2.5.4 abduction delivering
(1) gets the Erlenmeyer flask of certain capacity, (final concentration is 50 μ g/ml) to add respectively 5ml LB liquid nutrient medium and 2.5 μ l penbritins, get the bacterium liquid that shakes from the day before yesterday respectively in the 50 μ l access Erlenmeyer flask, and with empty plasmid in contrast, 37 ℃ of shaking table joltings are to OD
600Value is 0.5.
(2) get test tube with above-mentioned Erlenmeyer flask equivalent, add respectively bacterium liquid 2ml, adding 20 μ l IPTG(IPTG final concentrations in each test tube is 1mM) induce 37 ℃ of shaking table jolting 4h.
(3) bacterium liquid is poured in 2.0 the pipe into the centrifugal 3min of 12000 rpm.
(4) remove supernatant liquor, add loading buffer 200 μ l, add beta-mercaptoethanol 20 μ l, boil 10min after the resuspended precipitation.
(5) put into the ice chest cooling, 4 ℃ of preservations, the SDS-PAGE gel electrophoresis is for subsequent use.
2.6 SDS-PAGE gel electrophoresis
(1) configuration 30% acrylamide separation gel is recorded separation gel between two sheet glass that assemble, and to apart from locating about the 3cm of sheet glass upper end, uses ddH
2The O sealing is so that glue face level.
(2) remove upper strata ddH after the gelling admittedly to be separated of the 20min left and right sides
2O blots residual moisture with filter paper.
(3) the concentrated glue of preparation 5%, perfusion are extremely apart from locating about the 2mm of sheet glass upper end.
(4) insert comb, extract comb after gelling to be concentrated is solid.
(5) respectively get 20 μ l sample point samples, albumen Marker loading 5-8 μ l.
(6) low pressure 70V electrophoresis to sample arrives in the separation gel.
(7) high pressure 150V electrophoresis is extremely apart from bottom 1cm place.
(8) the fixing 1.5h of stationary liquid.

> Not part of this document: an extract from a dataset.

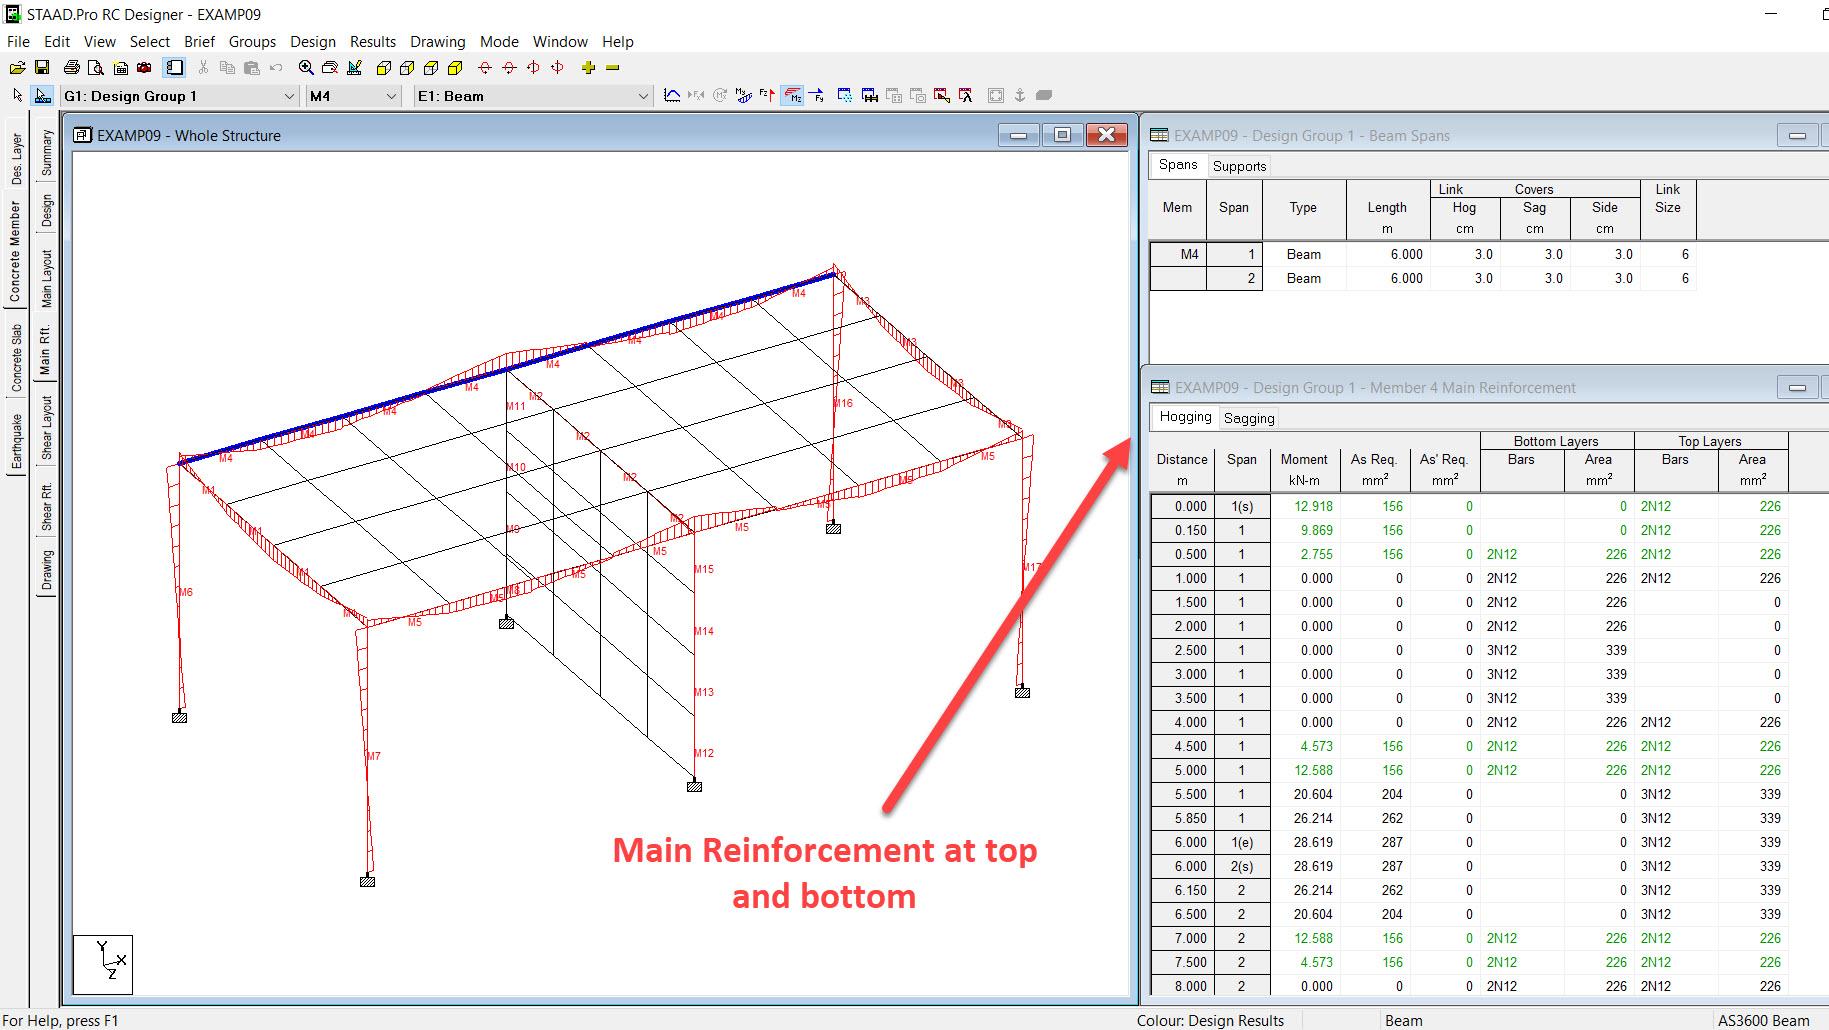 STAAD Pro Beam, Column, Slab detailing -- steel

(9) staining fluid dyeing 2h.
(10) place the shaking table decolouring to spend the night.
3. experimental result
3.1
ZjAPXThe amplification of cDNA
After the specificity upstream and downstream primer K1 of utilization design and K2 carry out pcr amplification, product is electrophoresis in 1.0% sepharose, after EB dyeing, observing one under the ultraviolet lamp between 750bp and 500bp, near the band of 750bp, coincideing with designed amplification purpose clip size.

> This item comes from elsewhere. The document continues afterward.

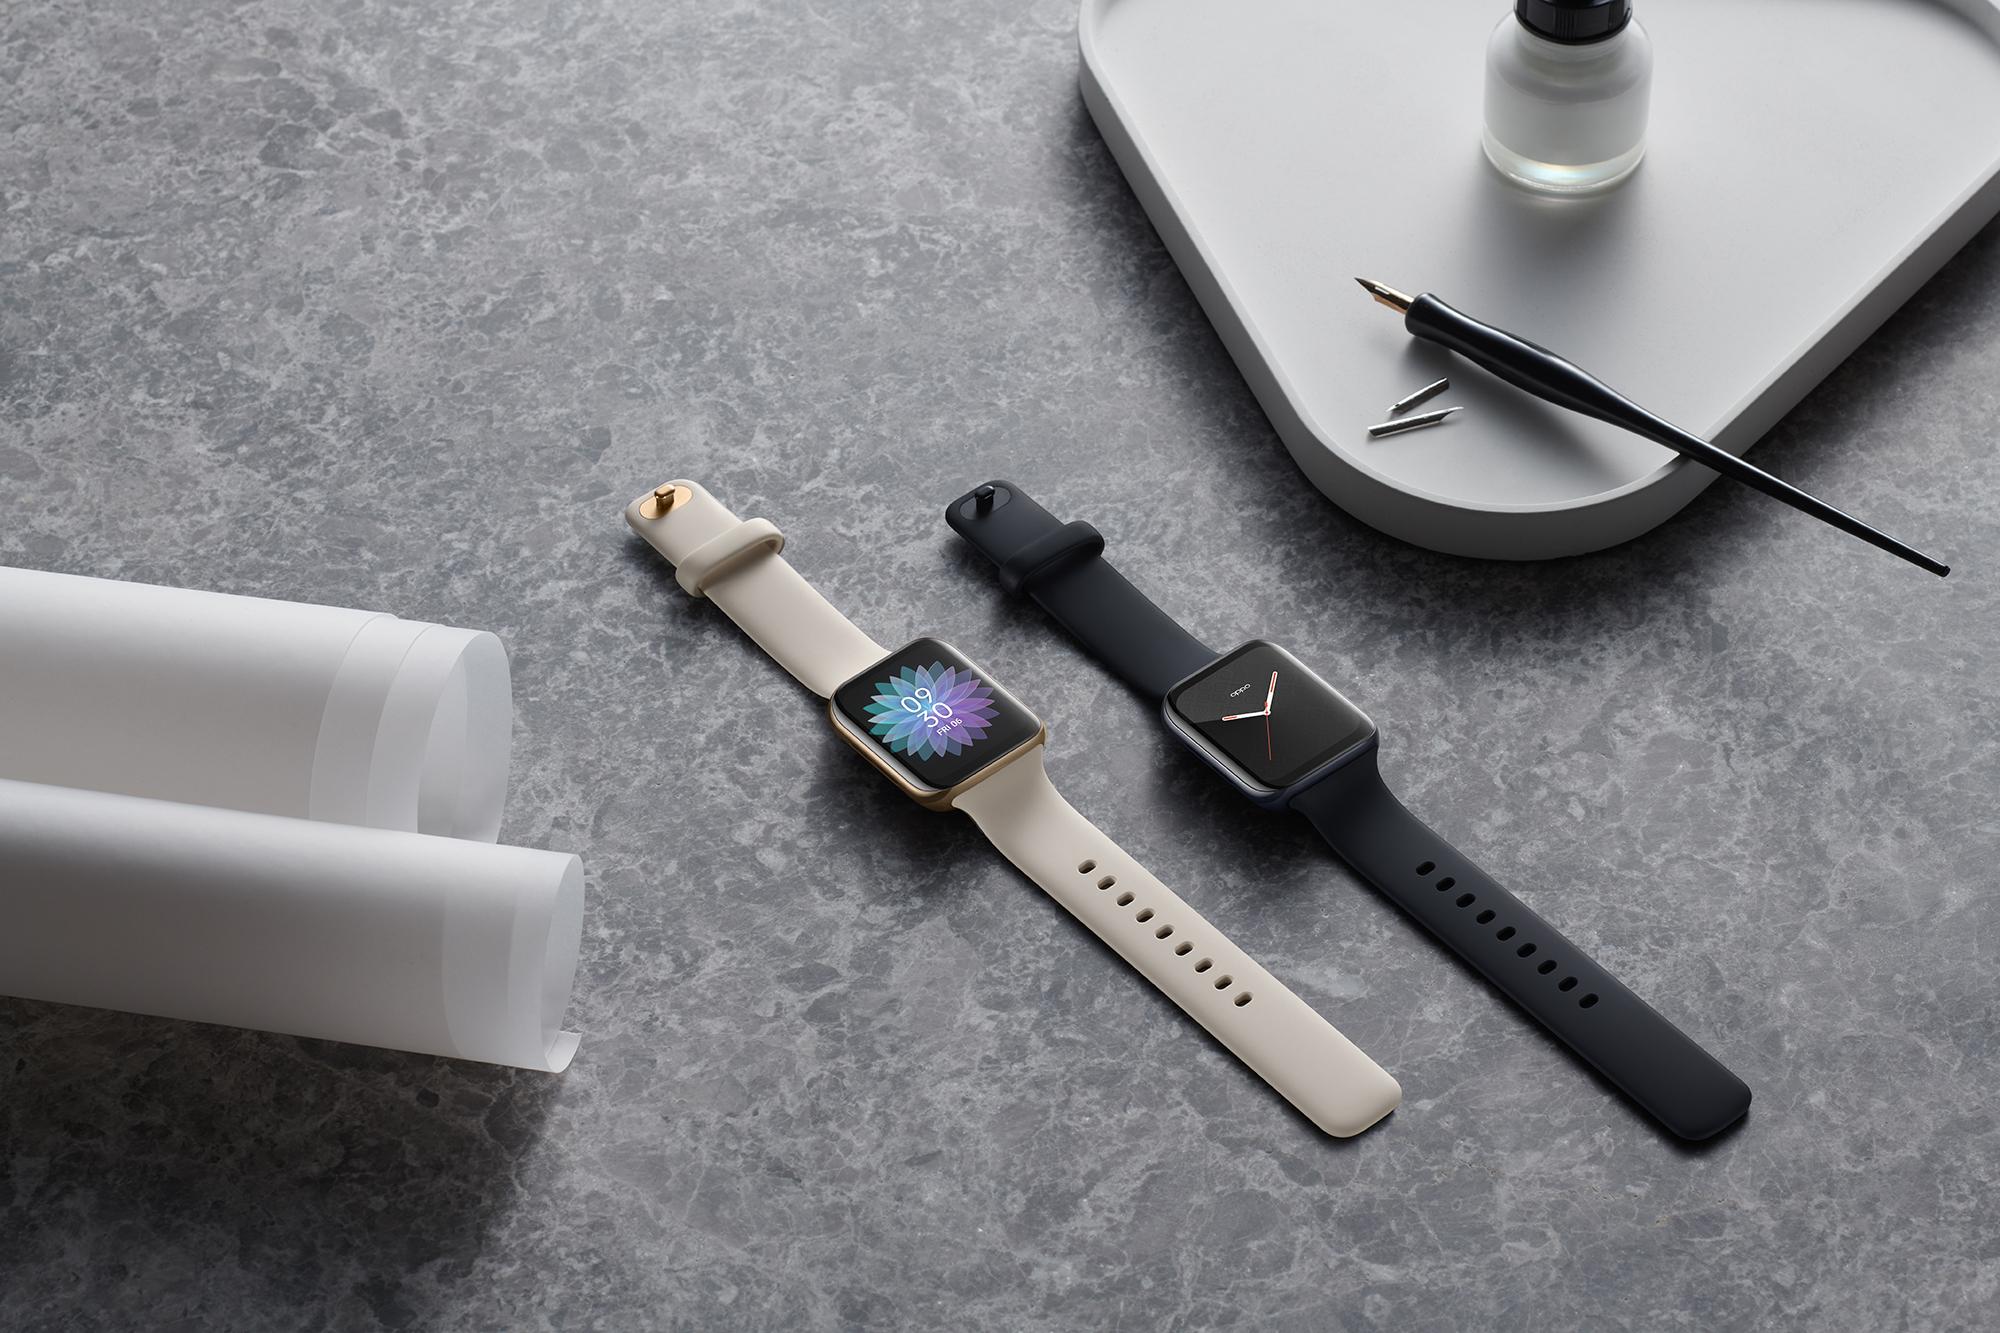 OPPO Watch 系列提供智慧與長續航兩種續航模式,在長續航模式下46mm版本最長可維持21天不斷電,便利又省電。

3.2 the structure of recombinant prokaryotic expression vector
Utilize Auele Specific Primer K1 and K2 to carry out pcr amplification, product and pGEX-4T-2 plasmid are used
BamHI and
SmaI double digestion, product are through agarose gel electrophoresis, and the PCR product is about 750bp, and the pGEX-4T-2 fragment is about 4.9kb, conform to expected results.Purifying goal gene fragment and carrier segments connect respectively.

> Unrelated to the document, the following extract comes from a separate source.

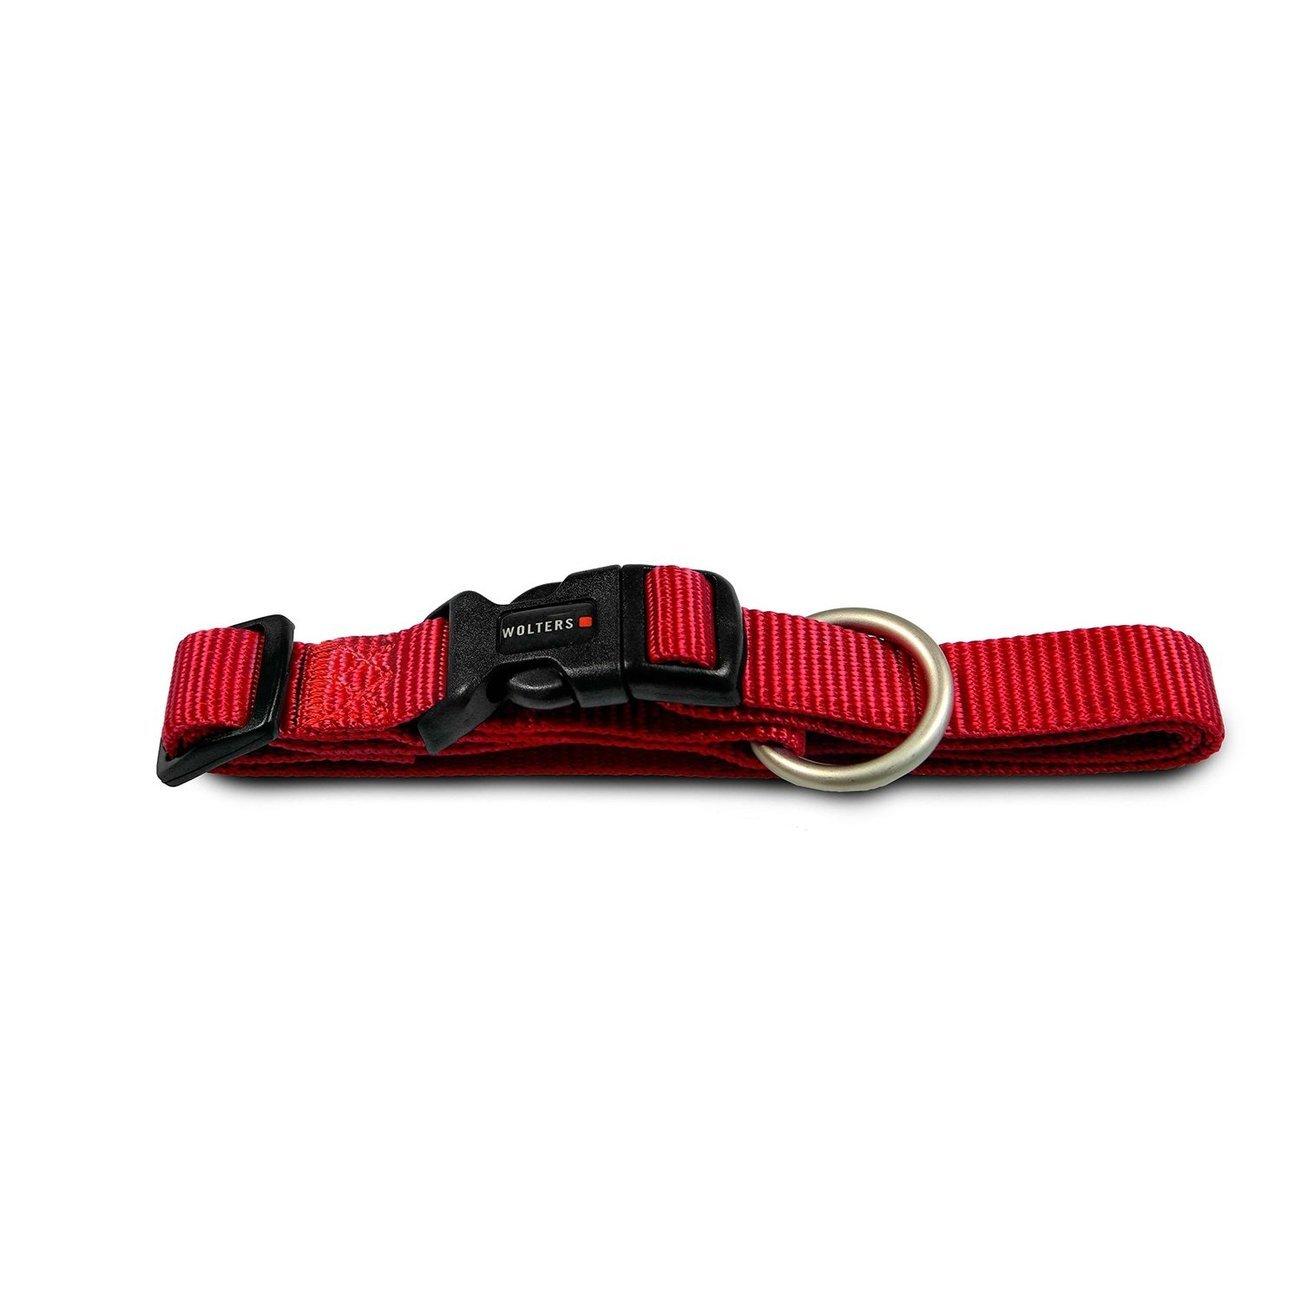 Wolters Halsband Nylon Professional, Bild 5

3.3 recombined pronucleus expression plasmid identification
Be applied on the plate culture medium that contains penbritin connecting product, the positive single bacterium colony of picking carries out the PCR evaluation after 37 ℃ of incubated overnight, and the result as shown in figure 10; There is the positive bacterium colony of purpose fragment to extract plasmid to proof, carries out restriction enzyme
BamHI and
SmaThe I double digestion identifies, the result as shown in figure 11, the about 750bp of double digestion fragment conforms to expected results, tentatively infer construction of recombinant plasmid successfully, and the size of recombinant plasmid is about about 5.6kb.Sequencing result shows in the plasmid of this transformed bacteria and really contains the purpose fragment, and reading frame is correct, the success of recombined pronucleus expression plasmid construction.
3.4 induce prokaryotic expression
Engineering bacteria pGEX-4T-2-ZjAPX-B, under 37 ℃ of conditions, after inducing 4h, IPTG takes a sample, the SDS-PAGE electrophoresis result as shown in figure 12, observe contain plasmid pGEX-4T-2-ZjAPX e. coli bl21 (DE3) under the condition that IPTG induces, compare at specific proteins band of about 50KD place generation with the empty thalline pGEX-4T-2-B of contrast, the GST size is about 26KD, target protein ZjAPX size is 23.76KD, so the fusion rotein size is about 49.76KD, show the success of inducing jujube tree ascorbate peroxidase expression of enzymes.